* Exercise data
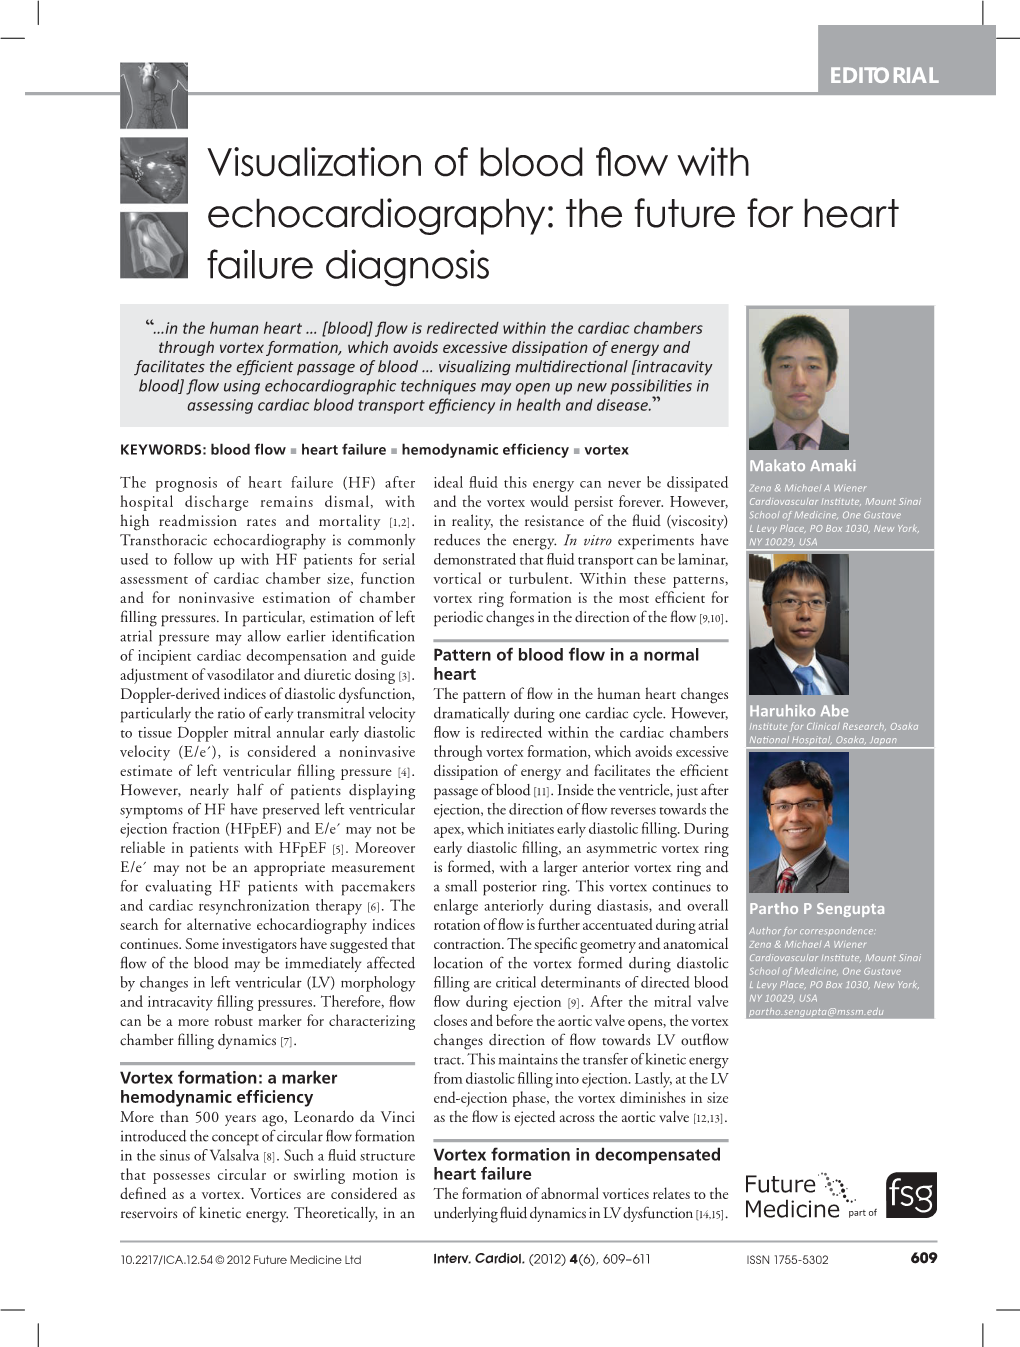 Visualization of Blood Flow with Echocardiography: the Future for Heart Failure Diagnosis
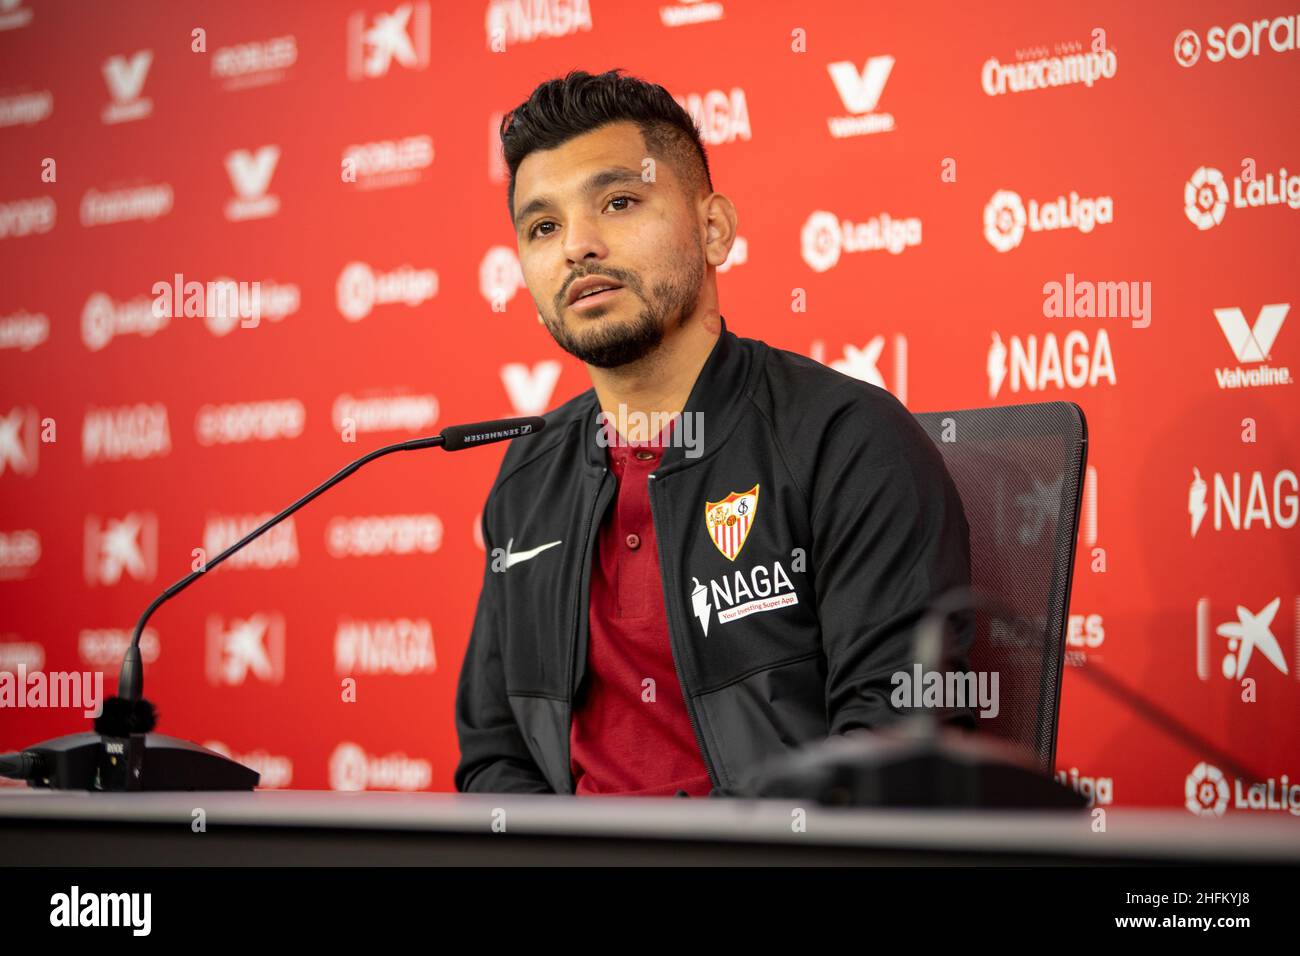 Seville, Spain. 17th, January 2022. Mexico international Jesus Tecatito Corona has signed for LaLiga club Sevilla from FC Porto and is presented at a press conference at the Ramon Sanchez-Pizjuan Stadium in Seville. (Photo credit: Mario Diaz Rasero - Gonzales Photo). Stock Photo
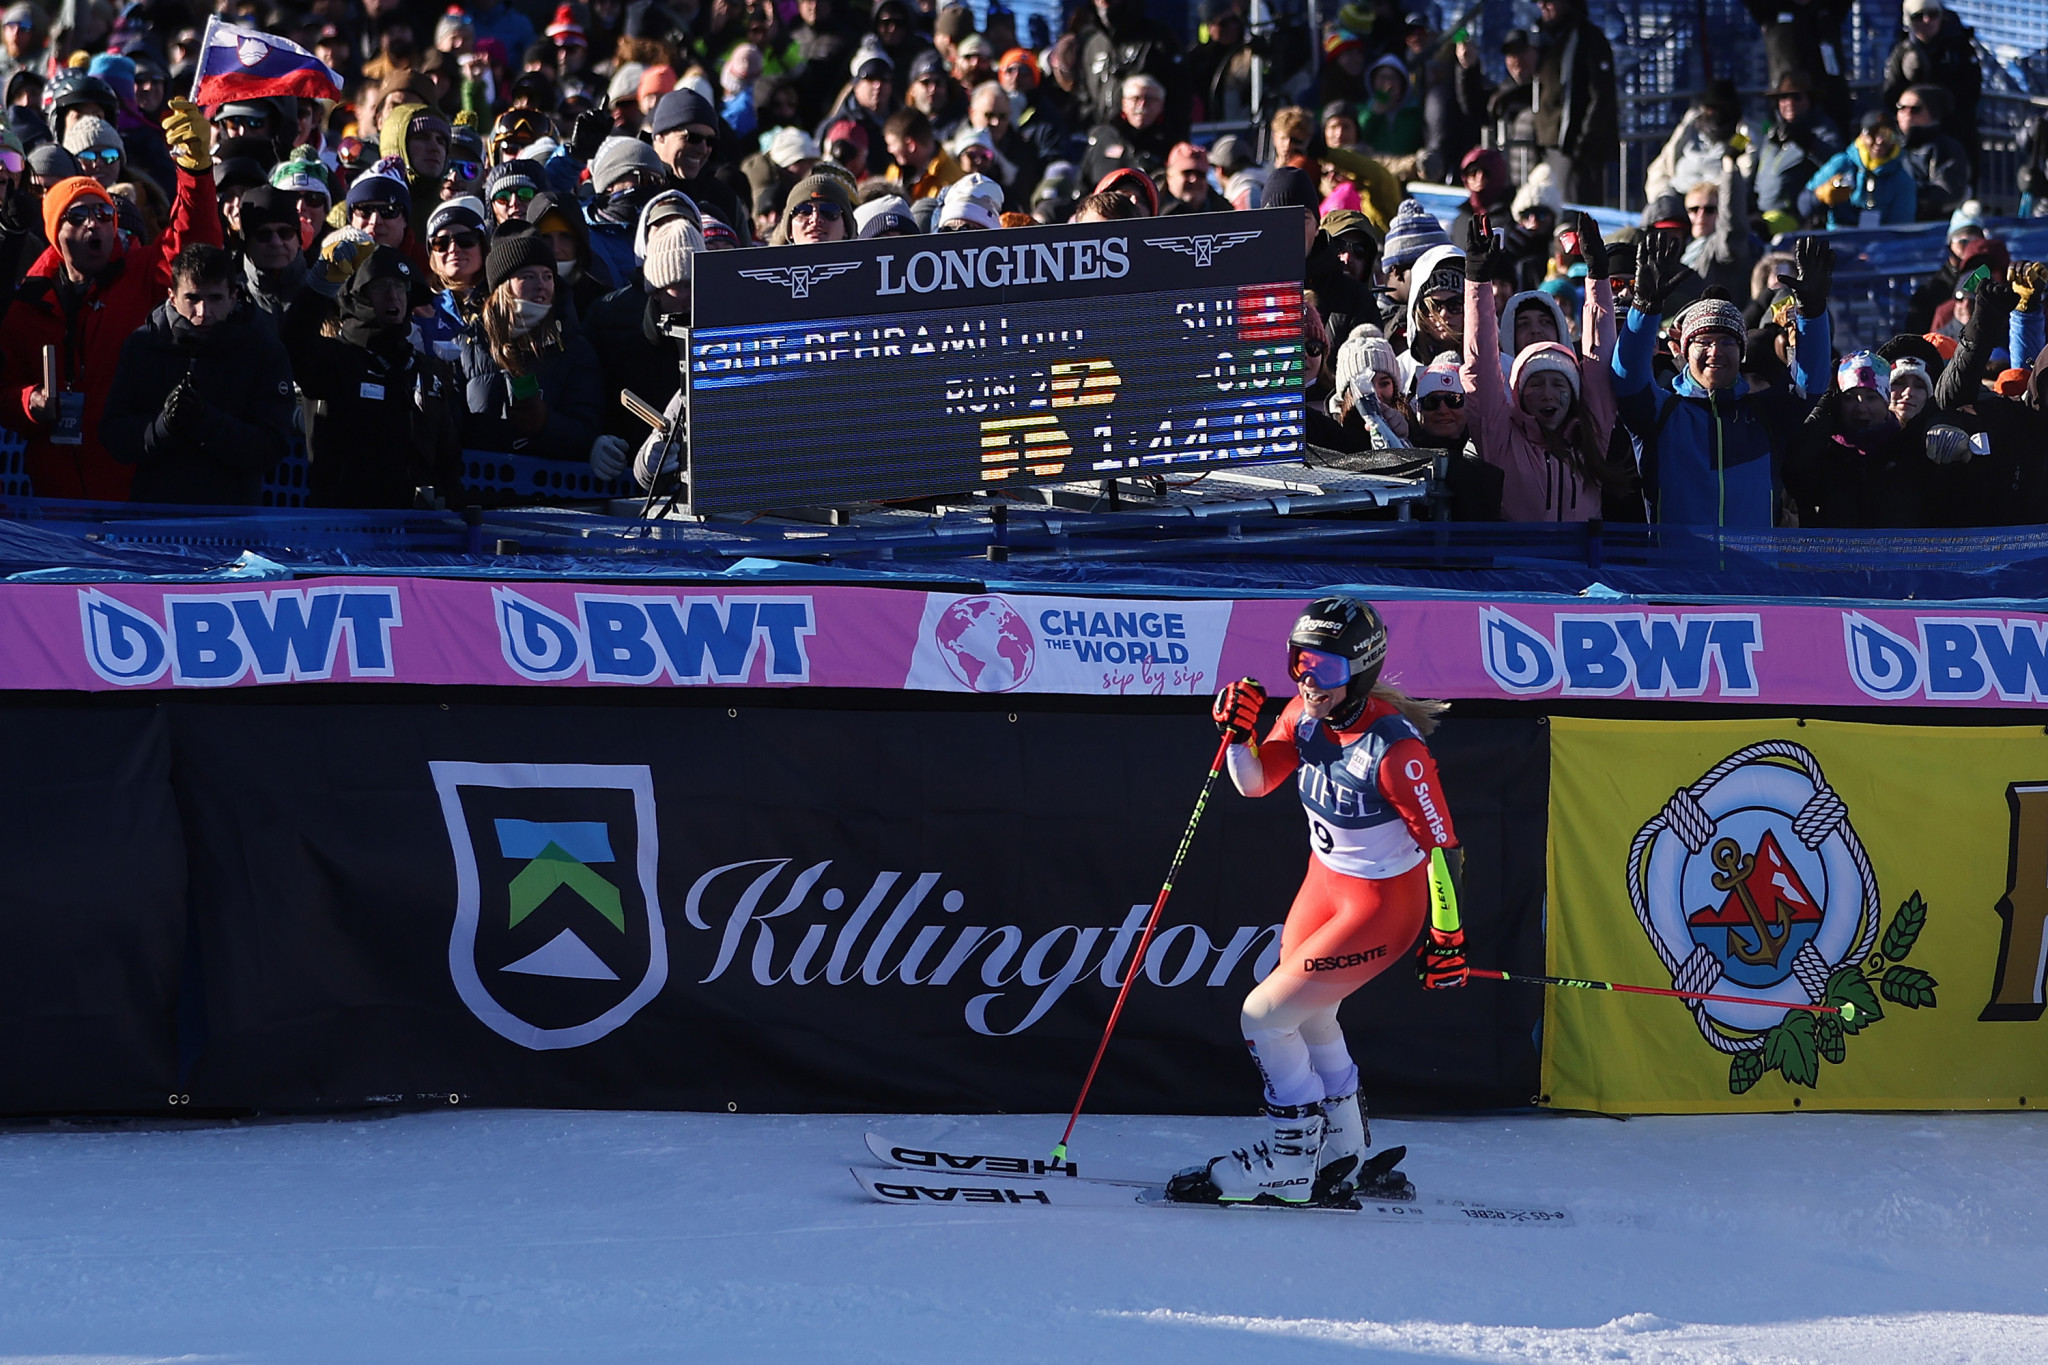 Gut-Behrami wins giant slalom gold in opening World Cup race in Killington
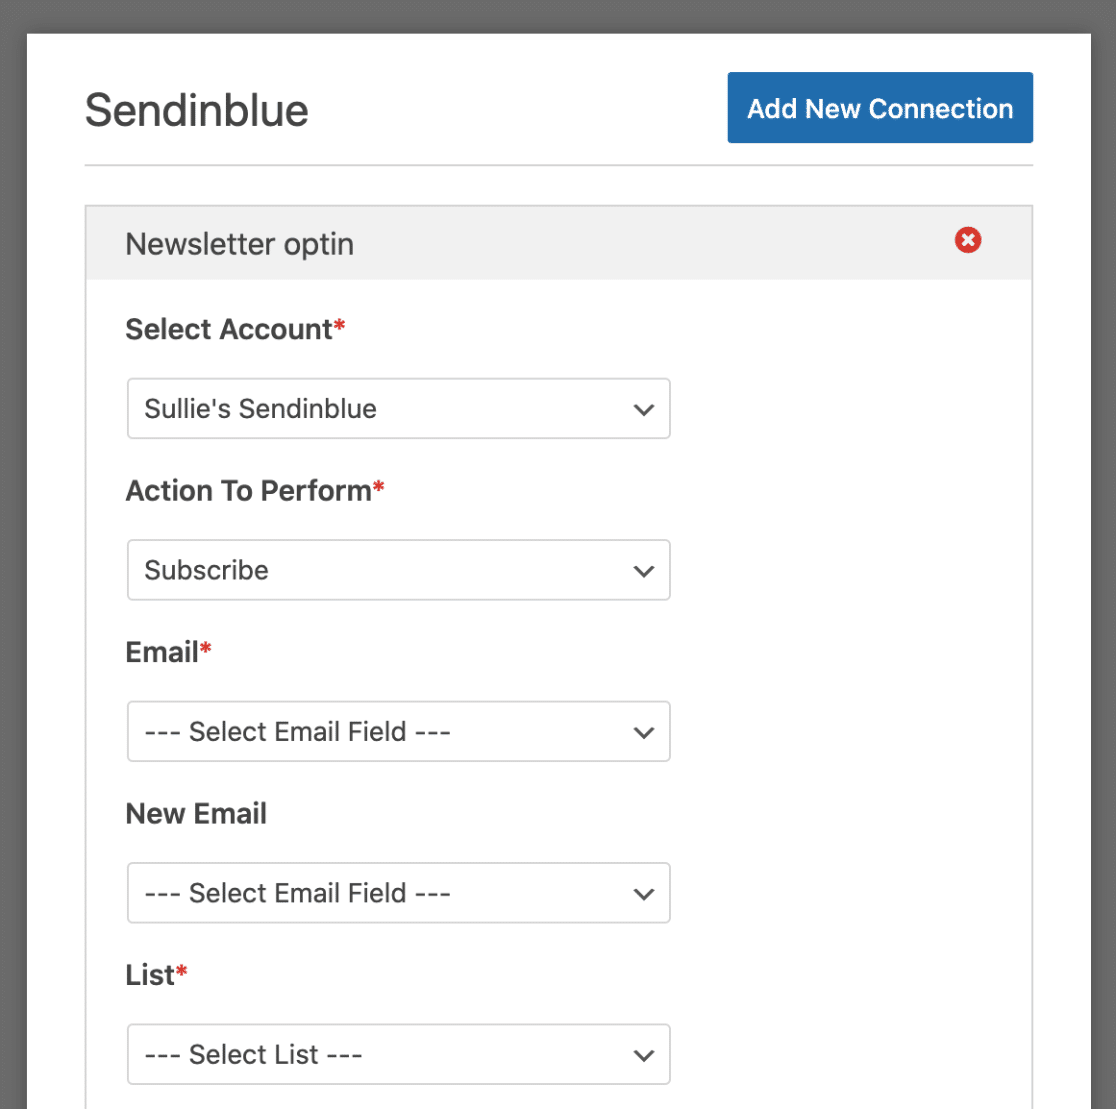 Mapping Sendinblue And WPForms Fields

* Your assignment
All of the data above is to be repeated exactly, with the pictures left out.

* Solution to this problem
 Visualization of Blood Flow with Echocardiography: the Future for Heart Failure Diagnosis
 Seville, Spain. 17th, January 2022. Mexico international Jesus Tecatito Corona has signed for LaLiga club Sevilla from FC Porto and is presented at a press conference at the Ramon Sanchez-Pizjuan Stadium in Seville. (Photo credit: Mario Diaz Rasero - Gonzales Photo). Stock Photo
 Gut-Behrami wins giant slalom gold in opening World Cup race in Killington
 Mapping Sendinblue And WPForms Fields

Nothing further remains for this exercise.